DESCRIPTION OF THE TASK:
Reproduce only what runs from the line containing "Scrunchies, Hair ties, colourful" to the line containing "Kitchen Friendly Cooking" in the records below, inclusive. Keep it exact, and keep the pictures out.

DATA RECORDS:

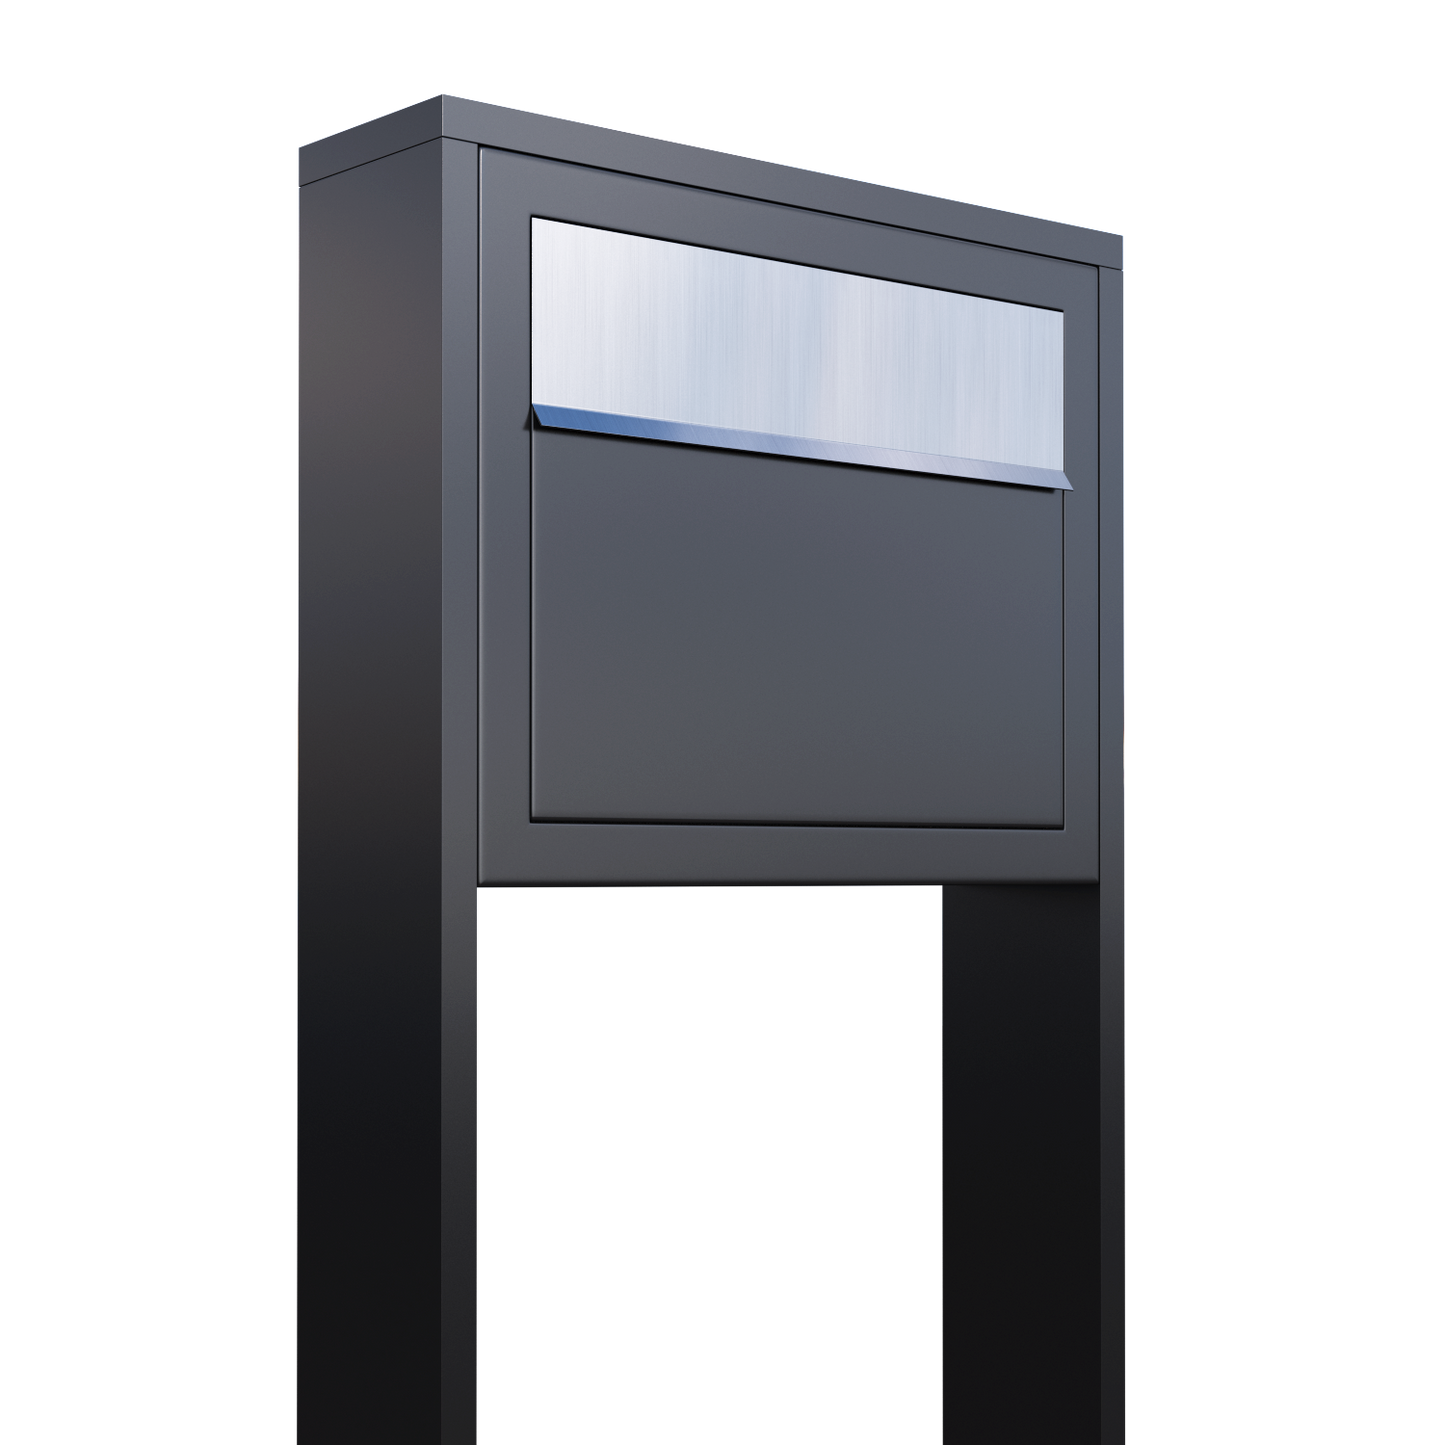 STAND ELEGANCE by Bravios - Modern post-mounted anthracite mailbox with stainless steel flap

* * *

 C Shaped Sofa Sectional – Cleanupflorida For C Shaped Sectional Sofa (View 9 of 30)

==

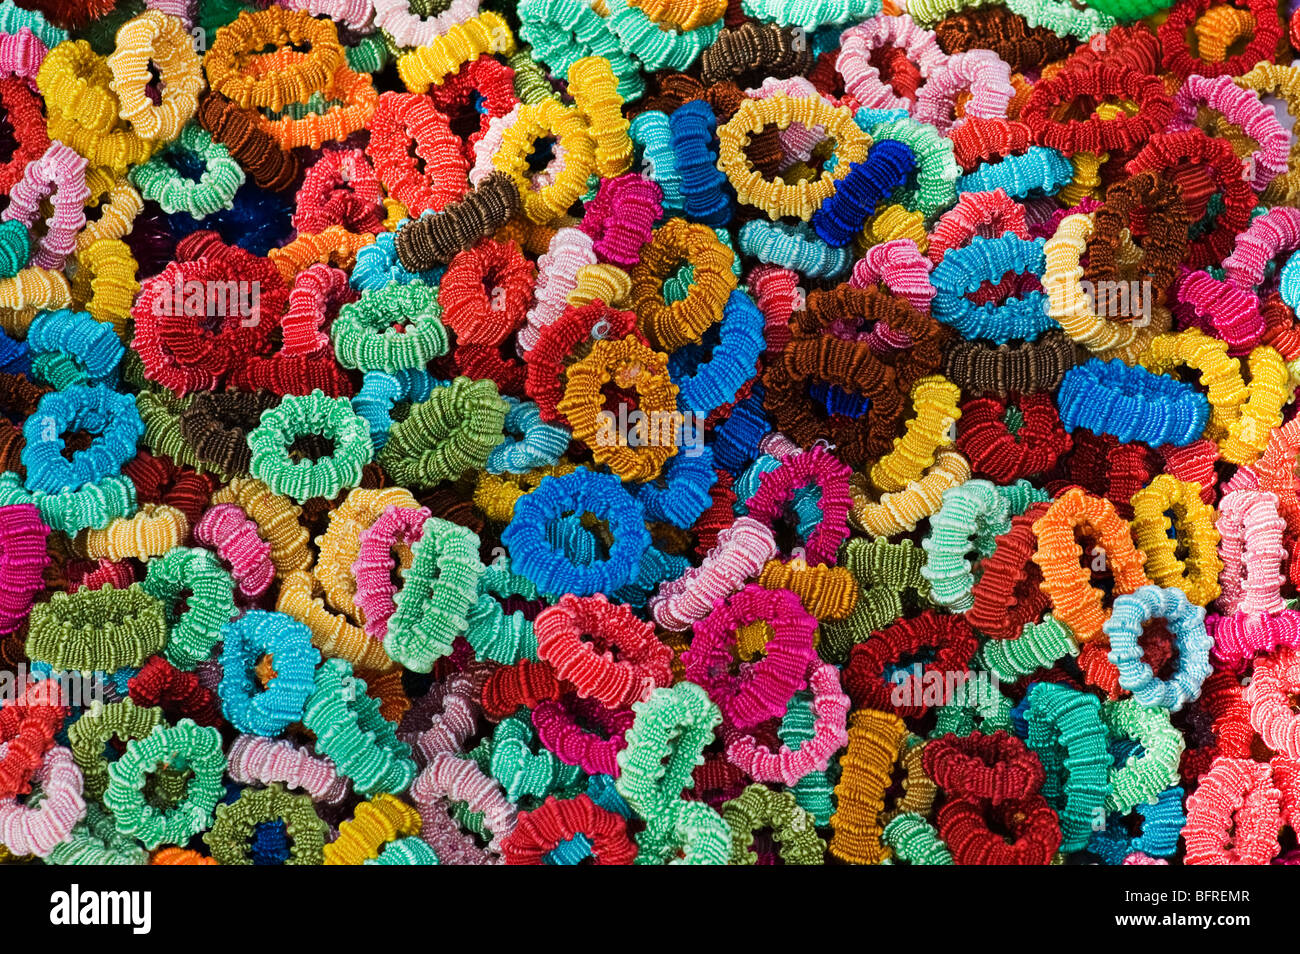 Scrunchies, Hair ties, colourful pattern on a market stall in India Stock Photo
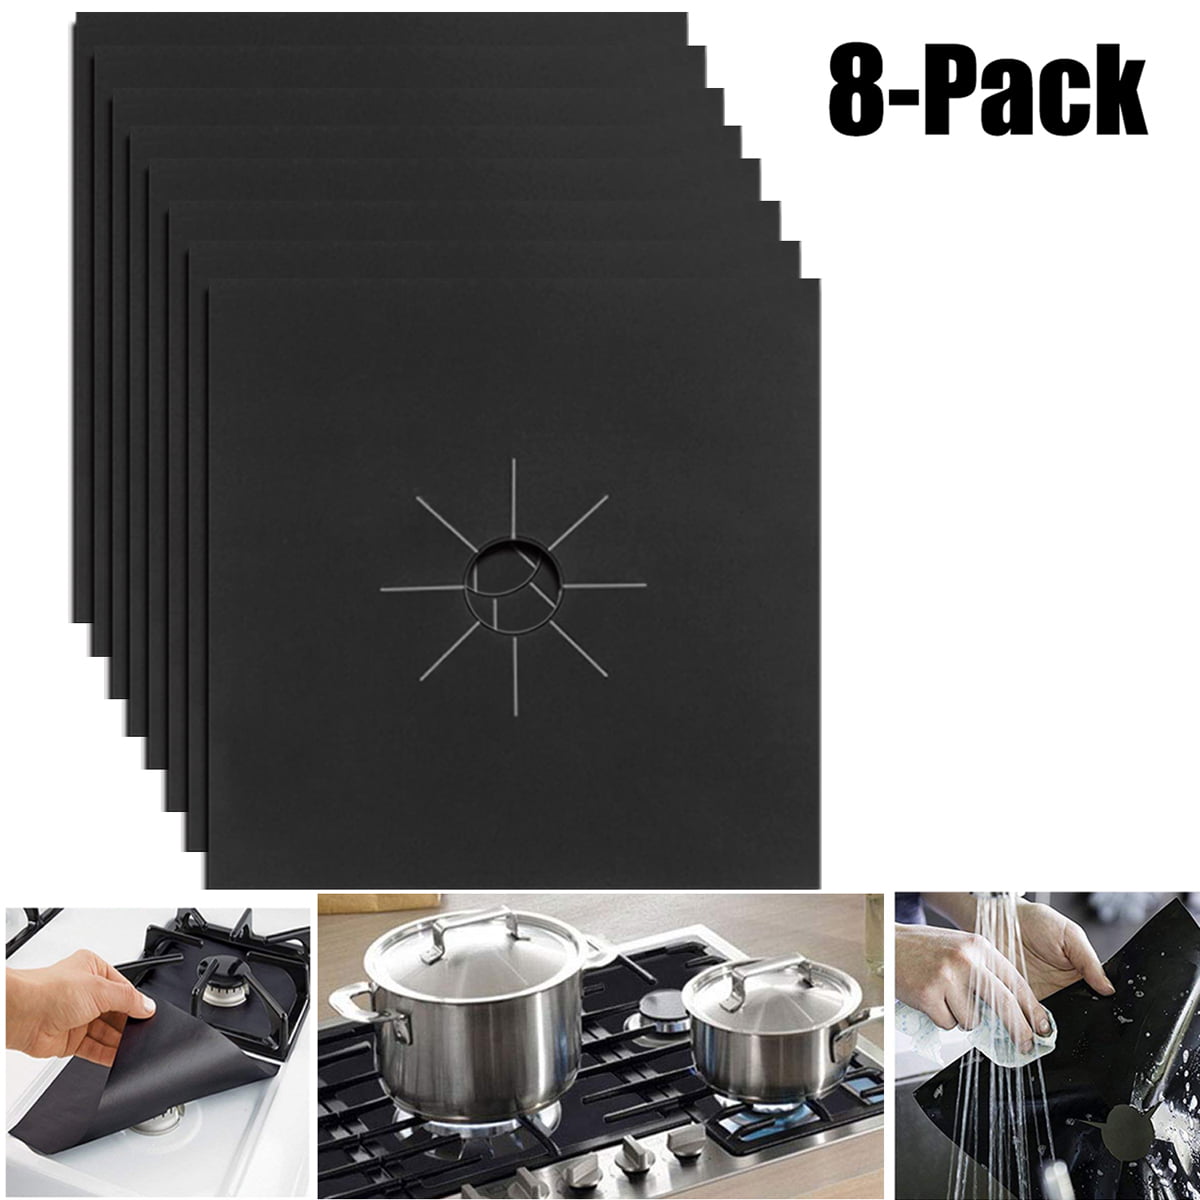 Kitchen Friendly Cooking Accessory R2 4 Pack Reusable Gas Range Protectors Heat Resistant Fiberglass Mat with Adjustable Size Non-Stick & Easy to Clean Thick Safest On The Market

FINAL ANSWER:
 Scrunchies, Hair ties, colourful pattern on a market stall in India Stock Photo
 Kitchen Friendly Cooking Accessory R2 4 Pack Reusable Gas Range Protectors Heat Resistant Fiberglass Mat with Adjustable Size Non-Stick & Easy to Clean Thick Safest On The Market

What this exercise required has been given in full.